• [TASK TO CARRY OUT]:
Starting at the first line of the data, print each line verbatim up to and including the line bearing "Stopnie drabiny w", omitting pictures.

• [EXERCISE DATA]:

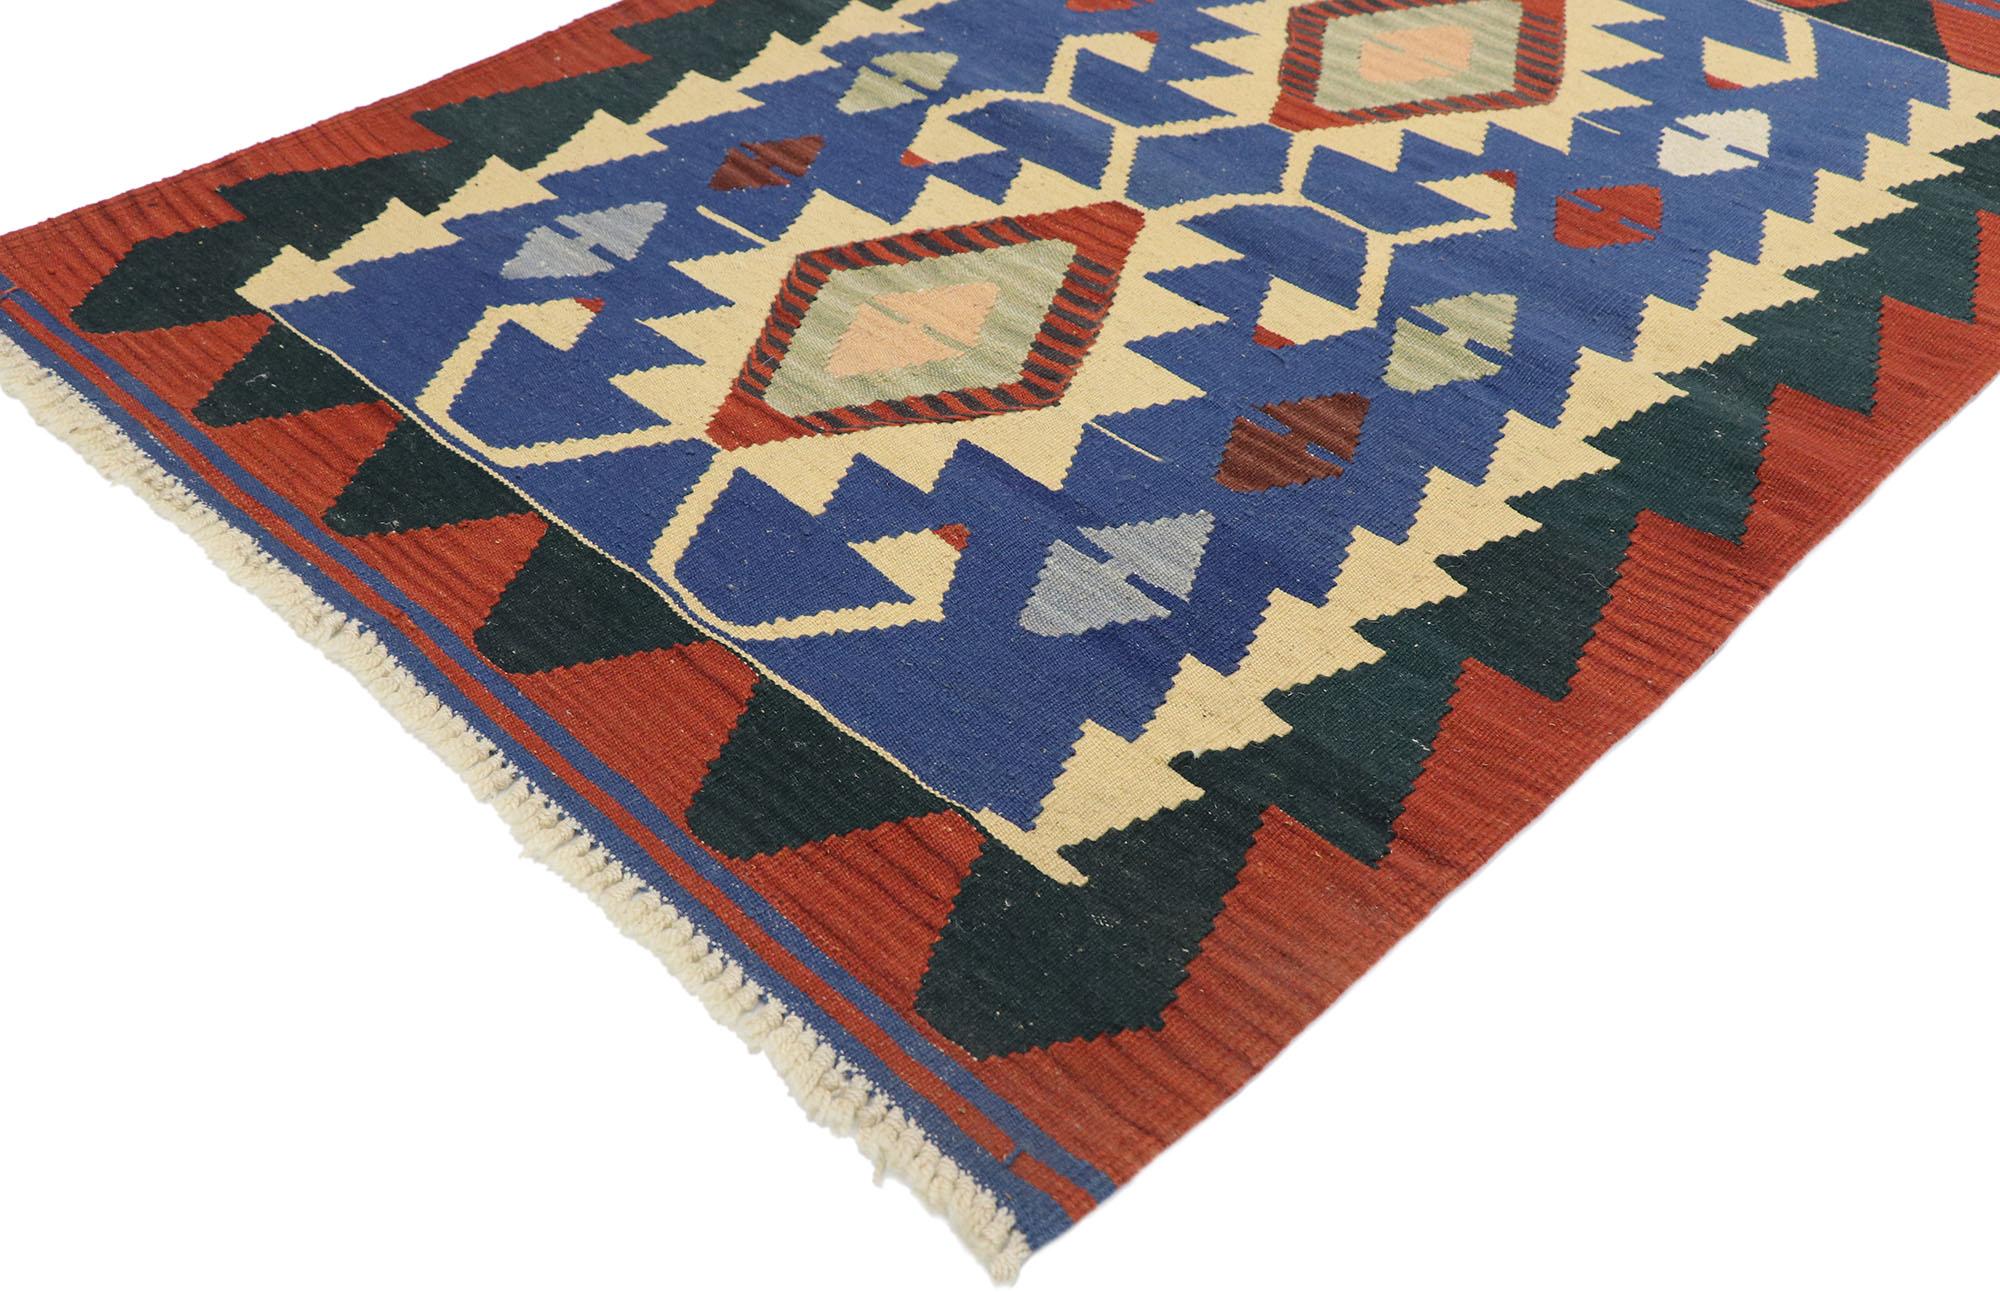 77841, tapis vintage Persan Shiraz Kilim avec style Tribal. Plein de petits détails et un design expressif audacieux combiné avec des couleurs vibrantes et un style tribal, ce tapis kilim persan vintage en laine tissé à la main est une vision
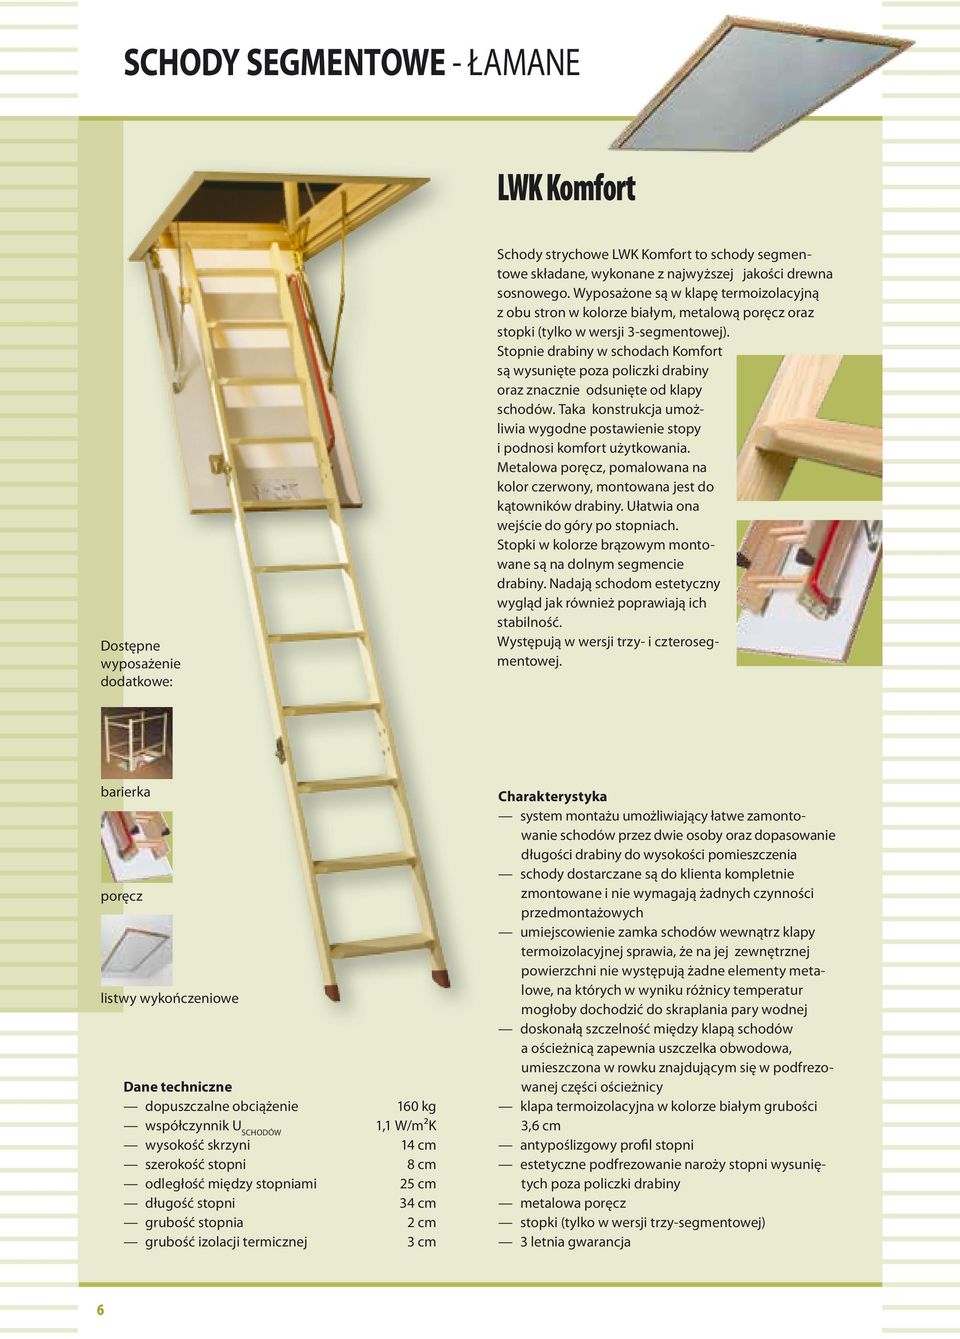 Stopnie drabiny w schodach Komfort są wysunięte poza policzki drabiny oraz znacznie odsunięte od klapy schodów. Taka konstrukcja umożliwia wygodne postawienie stopy i podnosi komfort użytkowania.
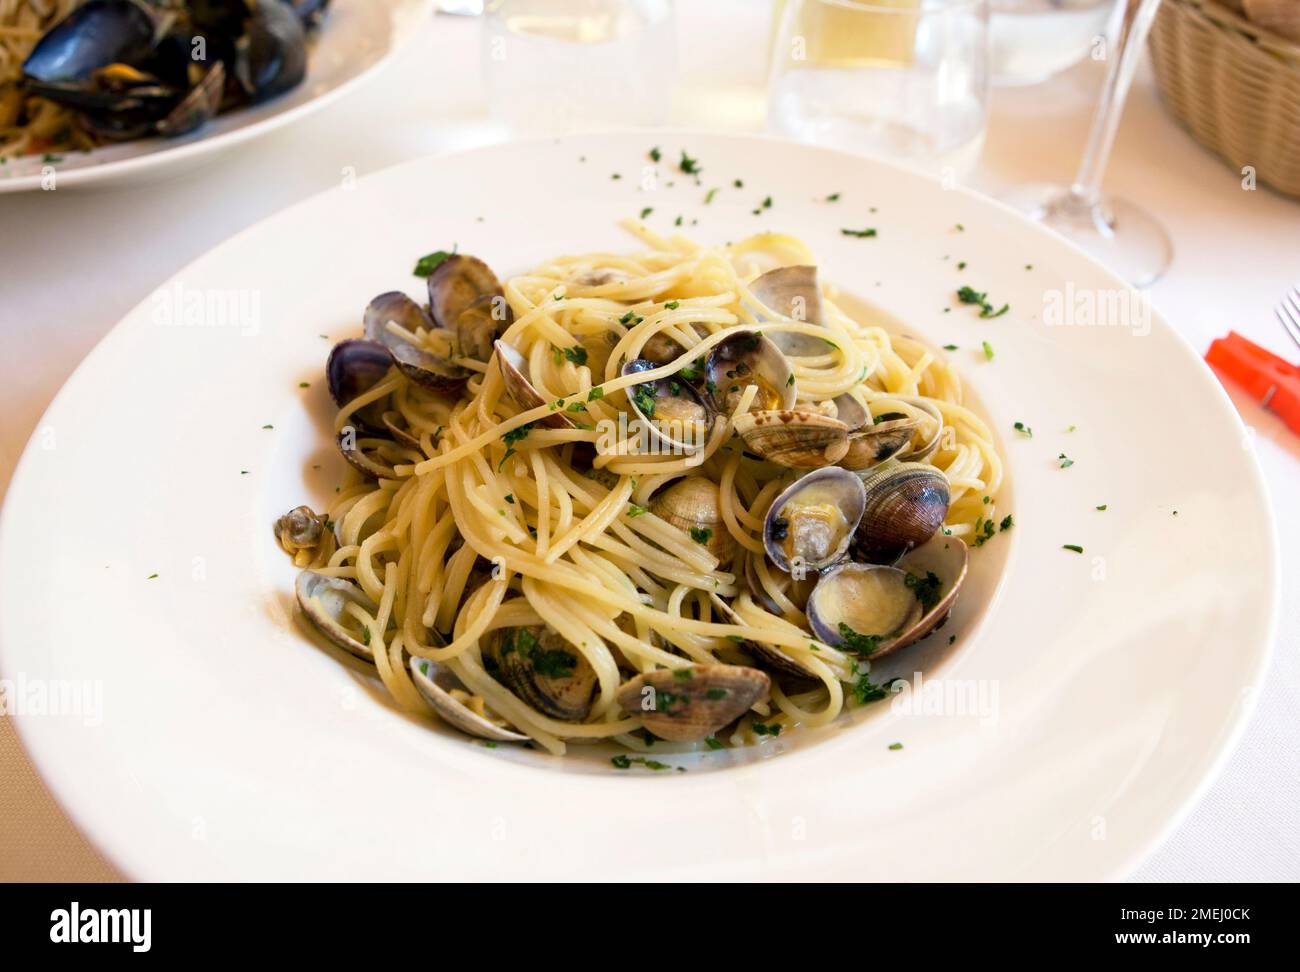 Spaghetti vongole at a restaurant in Marano Lagunare Stock Photo

• [SOLUTION]:
 77841, tapis vintage Persan Shiraz Kilim avec style Tribal. Plein de petits détails et un design expressif audacieux combiné avec des couleurs vibrantes et un style tribal, ce tapis kilim persan vintage en laine tissé à la main est une vision
 Stopnie drabiny w schodach Komfort są wysunięte poza policzki drabiny oraz znacznie odsunięte od klapy schodów. Taka konstrukcja umożliwia wygodne postawienie stopy i podnosi komfort użytkowania.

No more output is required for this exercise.